As a teacher and thinker, I love to see the context of the Jewish culture and the history — I appreciate it; it is very interesting and I know God can use it — but the Church that ended up infesting Rome was largely uneducated and ignorant of those things. They were schooled in the knowledge of God through the Holy Spirit and were willing to give up their Gentile-ness for something greater, just as Paul had to be willing to give up his identity as a Jew and Pharisee to truly attain Christ.

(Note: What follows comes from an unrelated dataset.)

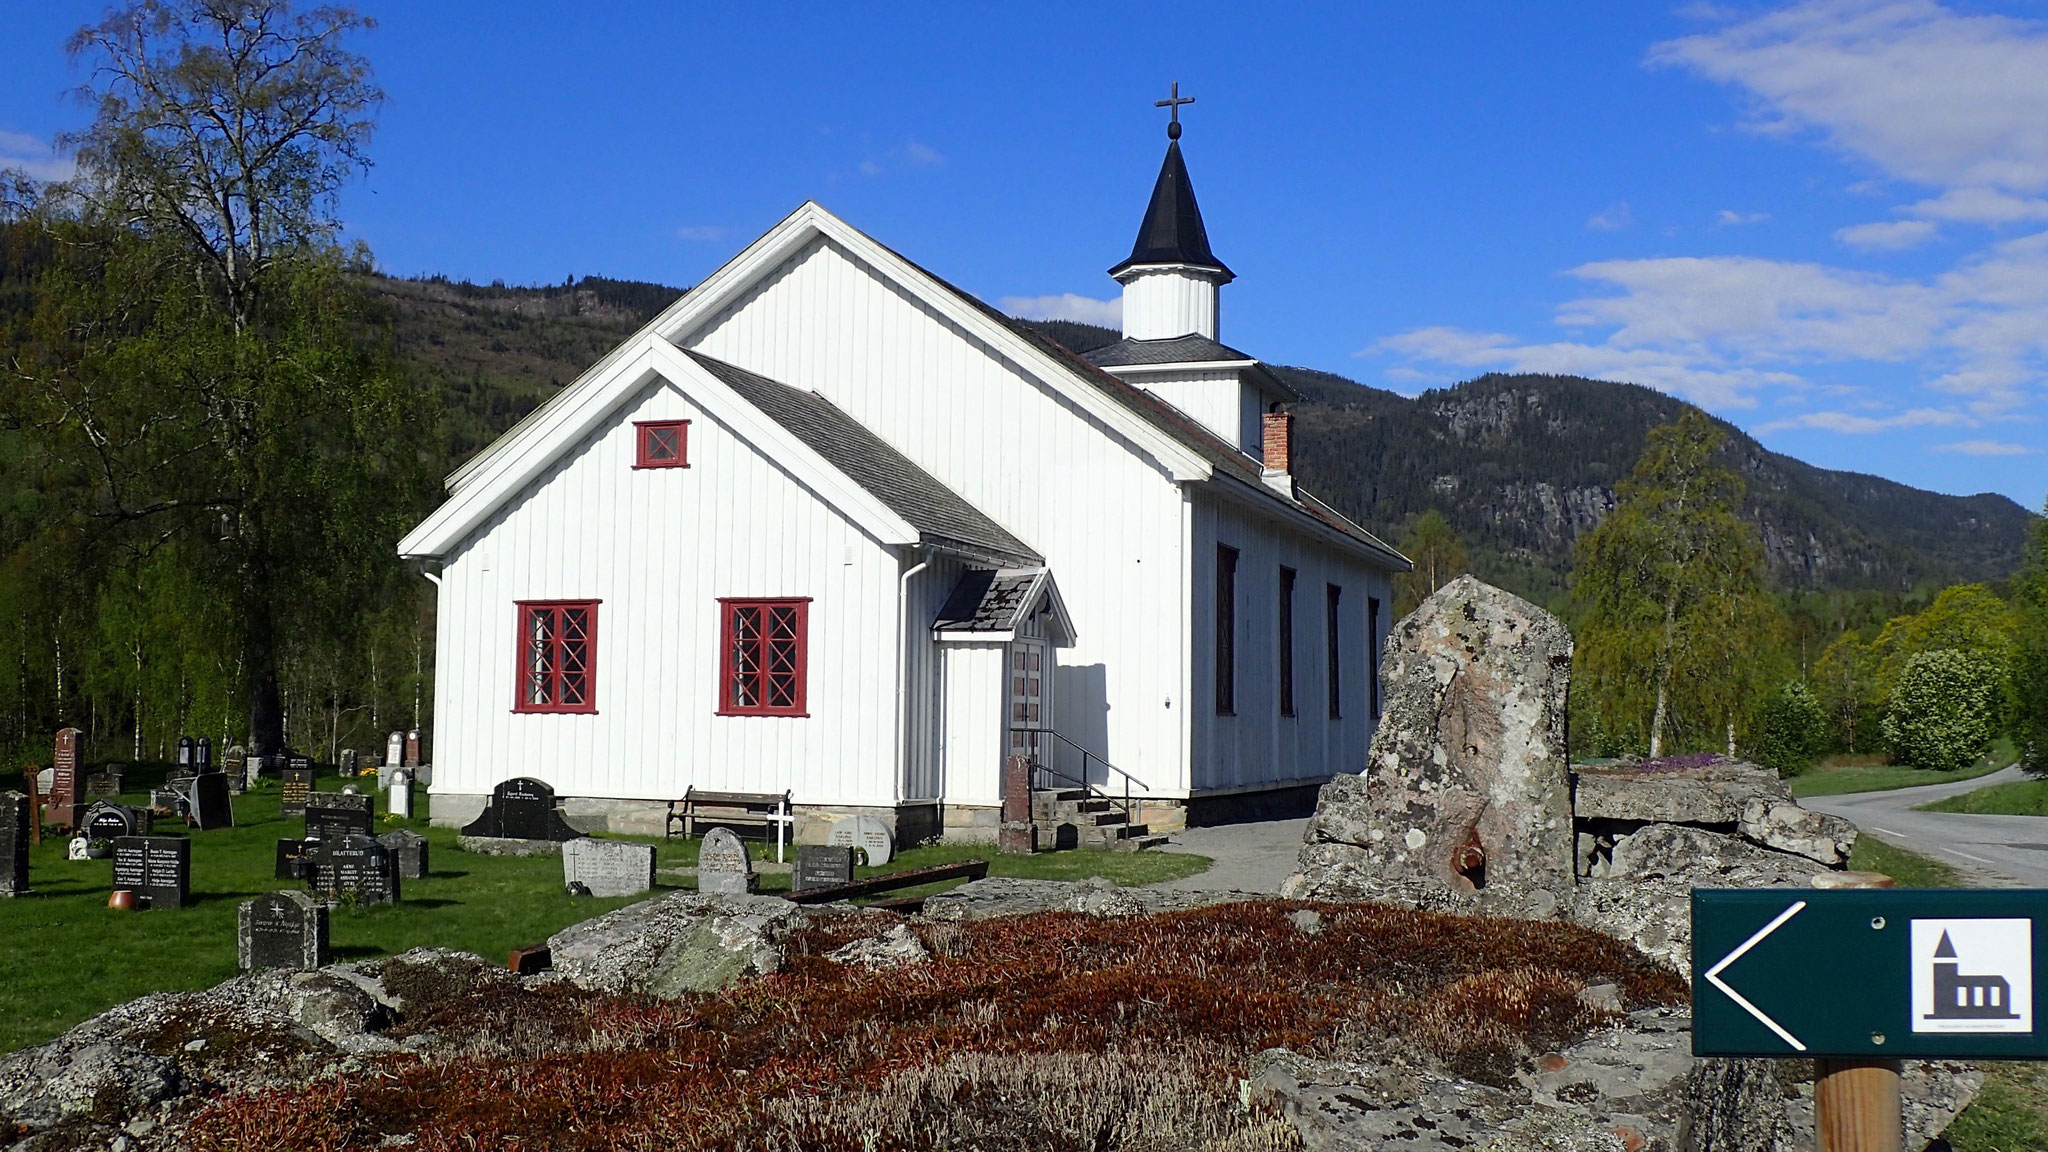 Atrå Kirche
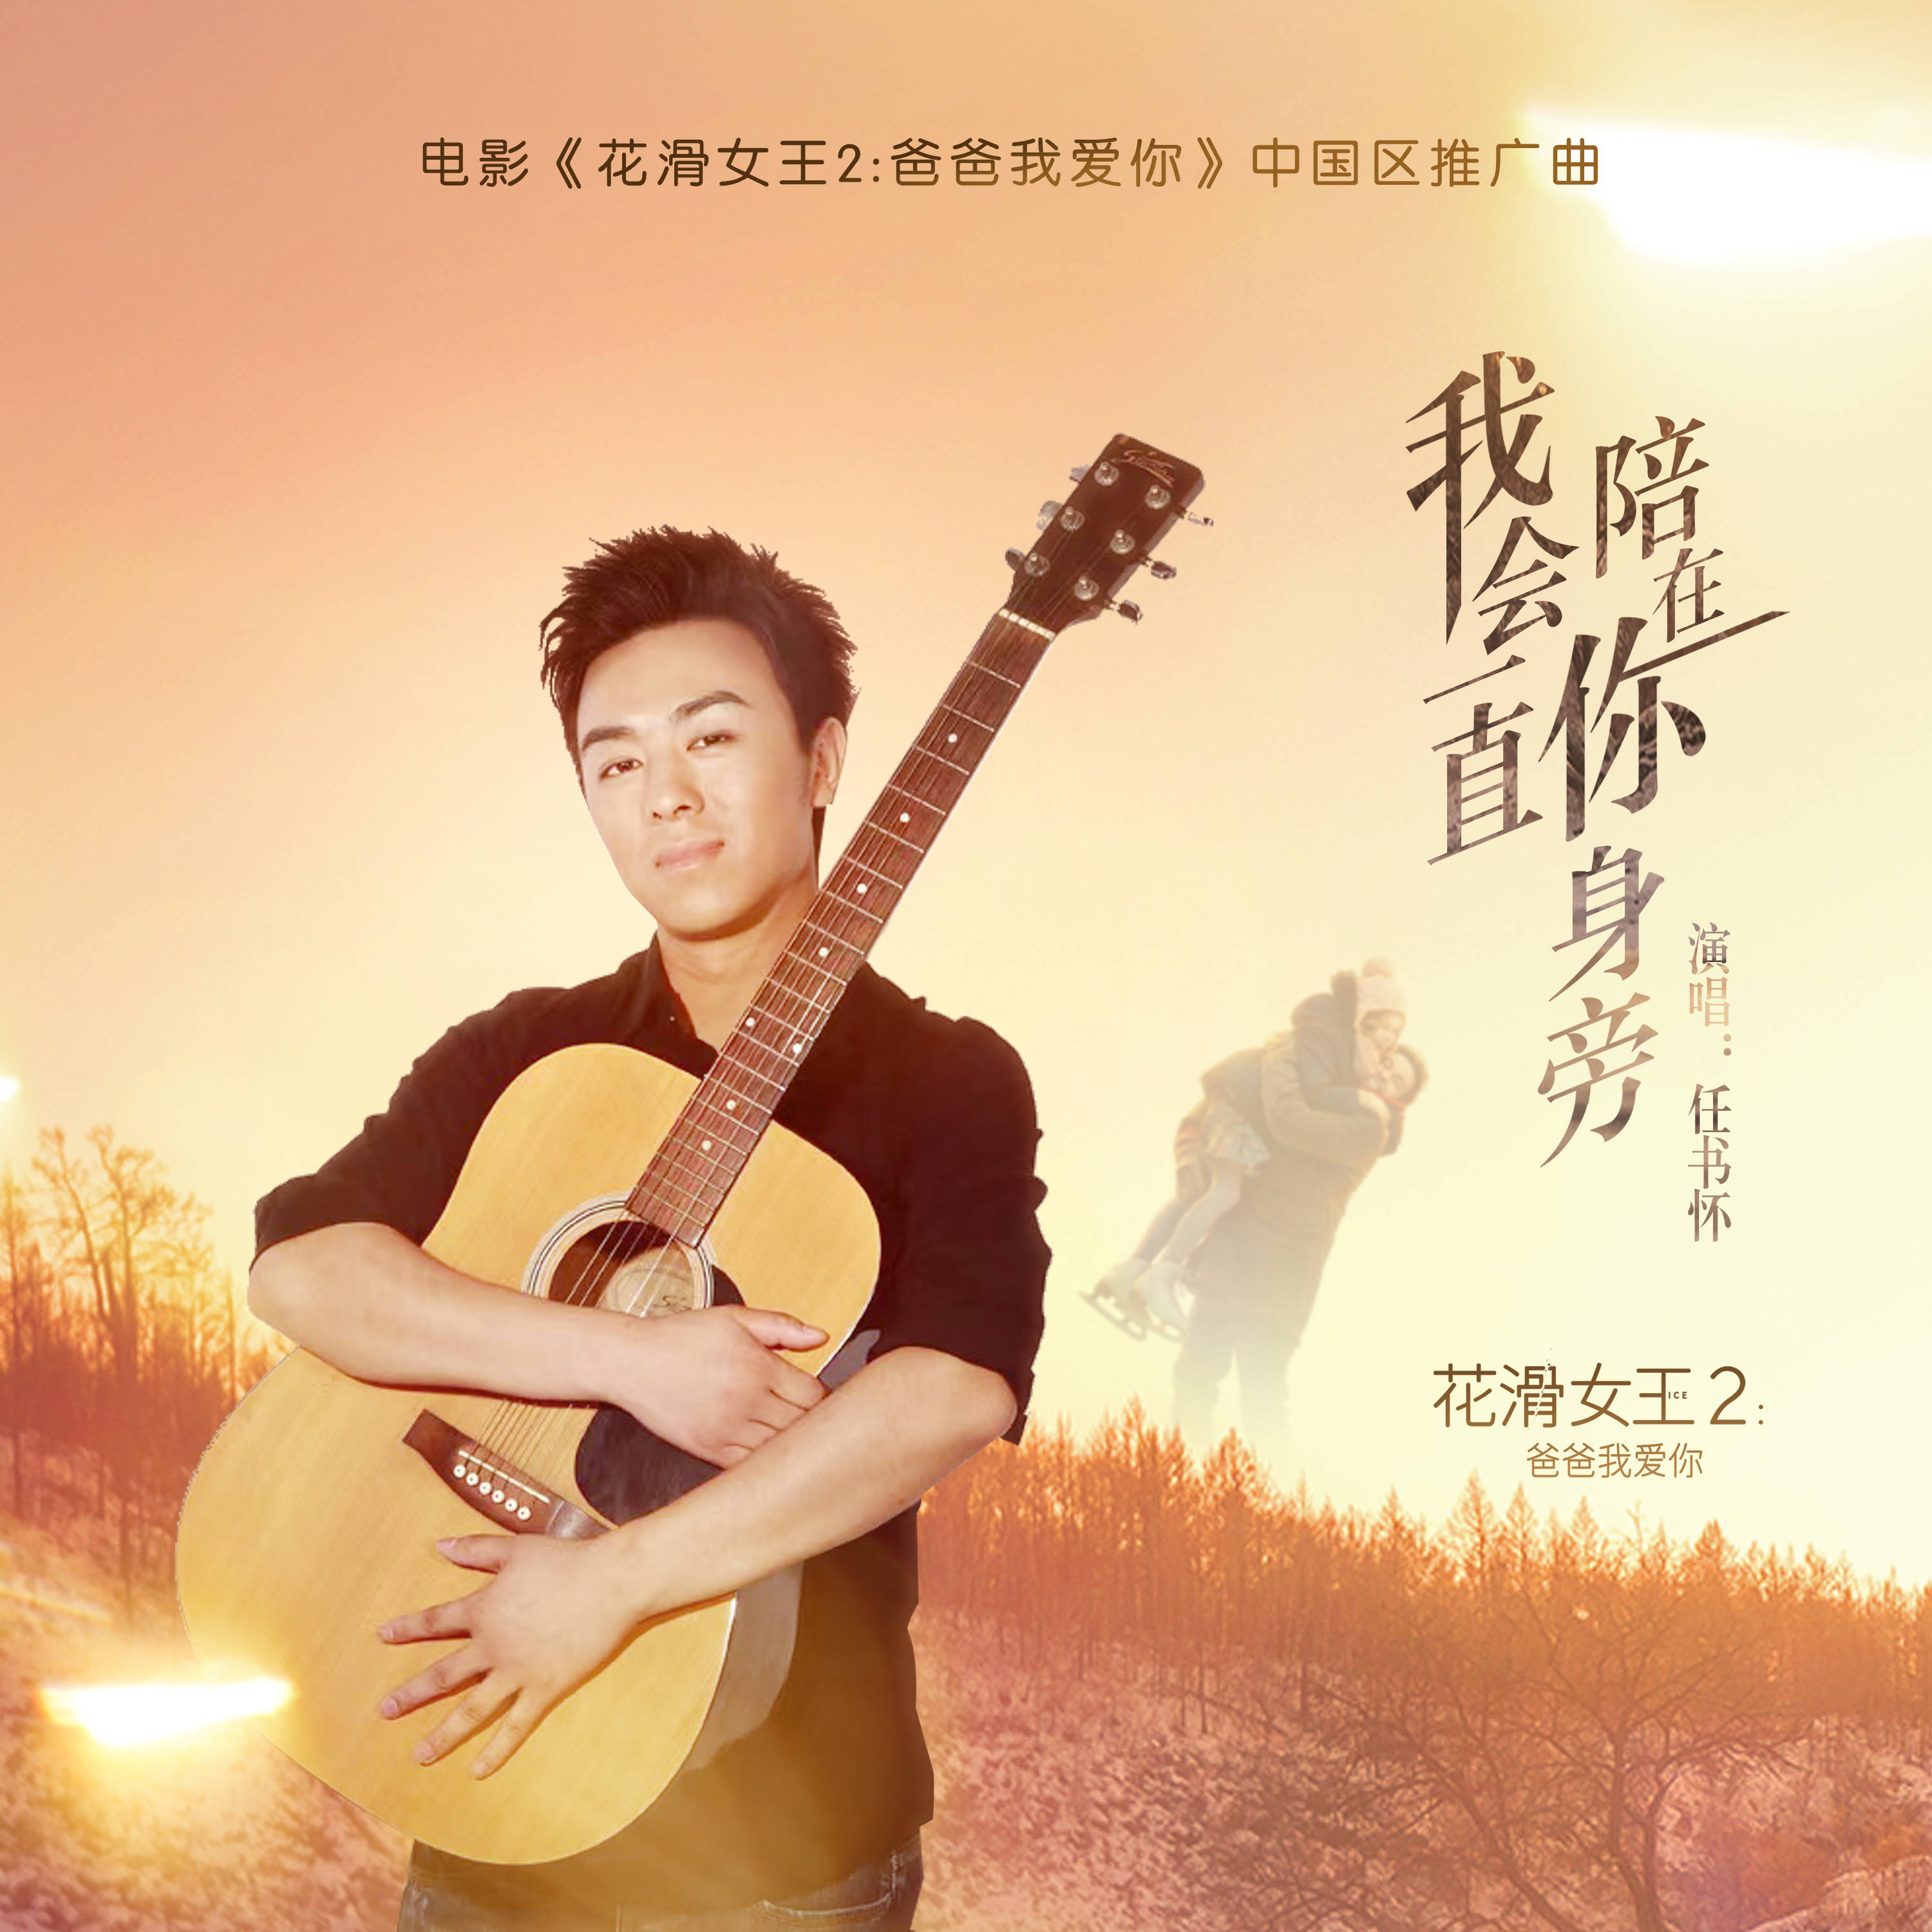 电影《花滑女王2》中国区推广曲由百纳娱乐制作发行

That’s not to say that your season of learning these things doesn’t have its place. I feel that God is leading you in it, but I guess I would see it as one piece of a puzzle, and definitely not “necessary” because Christ reveals all truth through His Spirit alone, per His teaching at the end of John.
Peace.
May 20th, 2009 at 12:27 pm
Good points. Maybe then the issue is that we not forsake the Jewishness of our faith as most Westerners have, but rather seek to really learn and discern some of the deeper things of our faith as they relate to the time and culture of the Hebrews.
I guess to verbalize it better, what really bothers me about American Christianity is that it tends to think that it has complete understanding of Scriptures when in fact a lot of the things that we often take for granting in scripture are based on a backward way of thinking that even the Gentiles in the Near East would likely not have had.
For example, Western Christianity sees our spiritual walk as an individual experience that occasionally involves others. A Hebrew (and a gentile from that time period) would likely see the opposite, our spiritual walk as a community experience with elements of individualism.
I think that the Gentile way of thinking during that time was different from that of the Jews, but I don’t think that their way of thinking was nearly as far removed as ours is now. I think at the very least that the Gentiles of that time could relate and understand how the Jews thought, and therefore better understand a lot of the context of the Bible, which in both Older and Newer Testaments was written primarily by Jews.
So, all that to say, when I read my Bible I see a people (Jew and Gentile believers) that have a very different way of thinking and relating to the world around them. And, I want to learn to look at the world with the kind of clarity and faith that they had.